The brief was ambitious: overcome growing apathy, boost awareness, shift perceptions, and drive real-world action, all with reduced spend and against the backdrop of declining trust in public health messaging.
To succeed, we needed to find a way to stand out in the cluttered digital space while delivering a reassuring, non-preachy tone that worked equally for sceptical parents and tired caregivers.
The Solution
We explored three creative directions: myth-busting, fear-based messaging, and a third, counterintuitive option, downplaying the drama. Through testing, one route stood out: a playful take on how the vaccine is actually administered, not a needle, but a quick, painless nasal spray.
Enter “A Wee Scoosh”. A light-touch, visual campaign starring bright, surreal noses and a breezy tone that positioned the vaccine as easy, everyday and not worth overthinking.

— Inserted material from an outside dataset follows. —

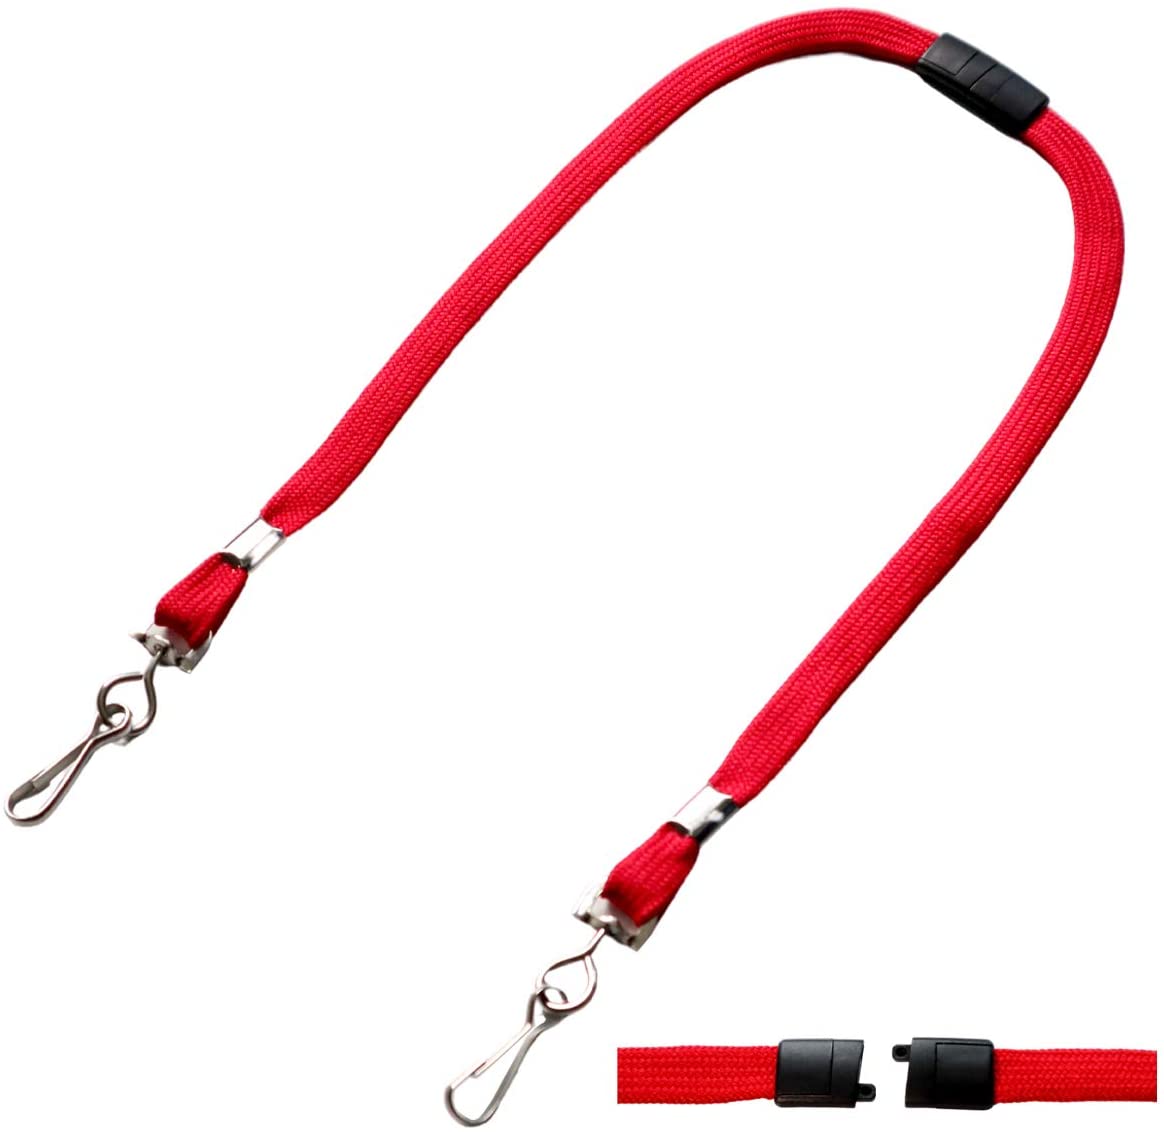 5 Pack - Double Ended Lanyards with Safety Breakaway Clasp - Small Size Ear Saver Holder with Swivel J Clips for Student Size - Short 12.5 Length
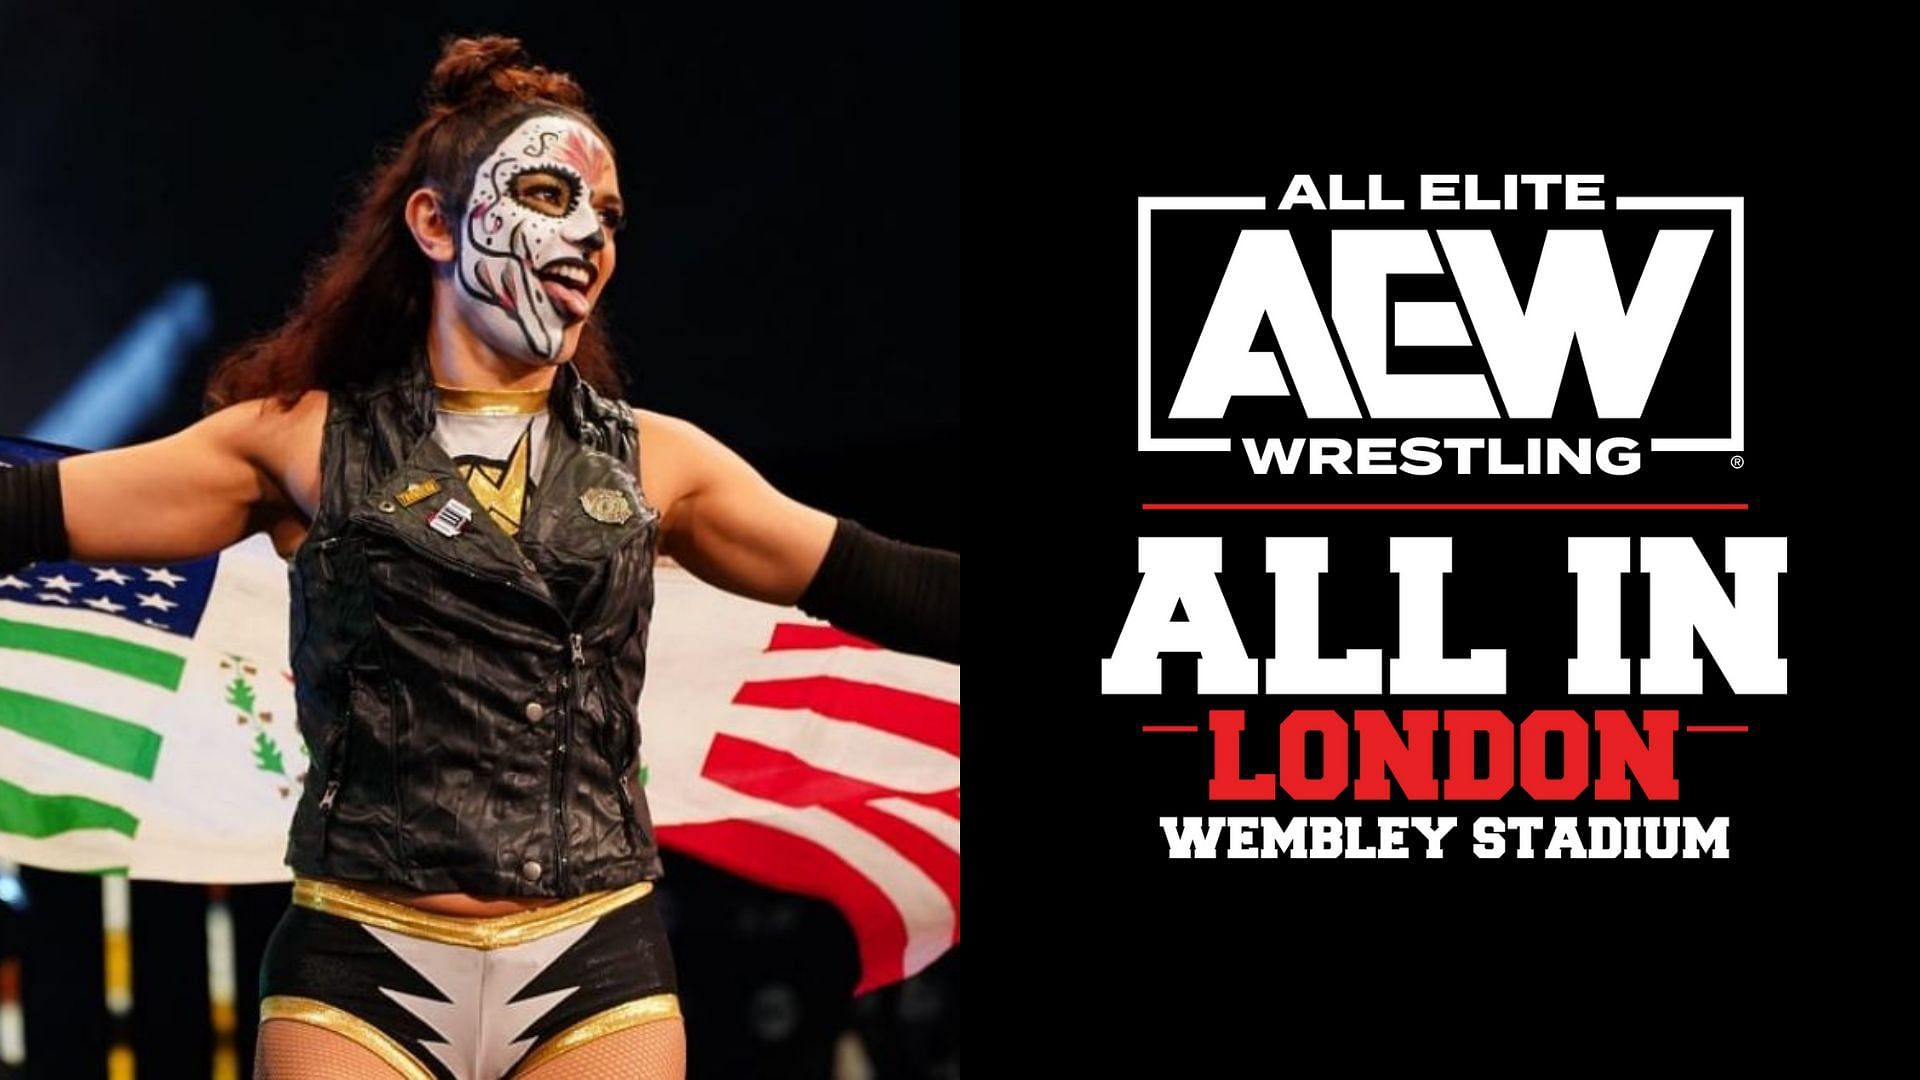 Thunder Rosa is a former AEW Women

We created a campaign that felt fresh and positive, delivered across social, digital, radio, and point-of-care materials, it cut through in a way public health messaging rarely does.
Results
Exceeded targets across all 7 RUSTIC-M engagement dimensions and perceived vaccine effectiveness rose to a record high of 89% reversing the prior downward trend.42%
highest-ever spontaneous recall for a flu campaign
90%
of campaign recognisers took or intended to take action, vs 68% of non-recognisers.
84%
Agreement with the message “safe and effective protection” which rose from 77%.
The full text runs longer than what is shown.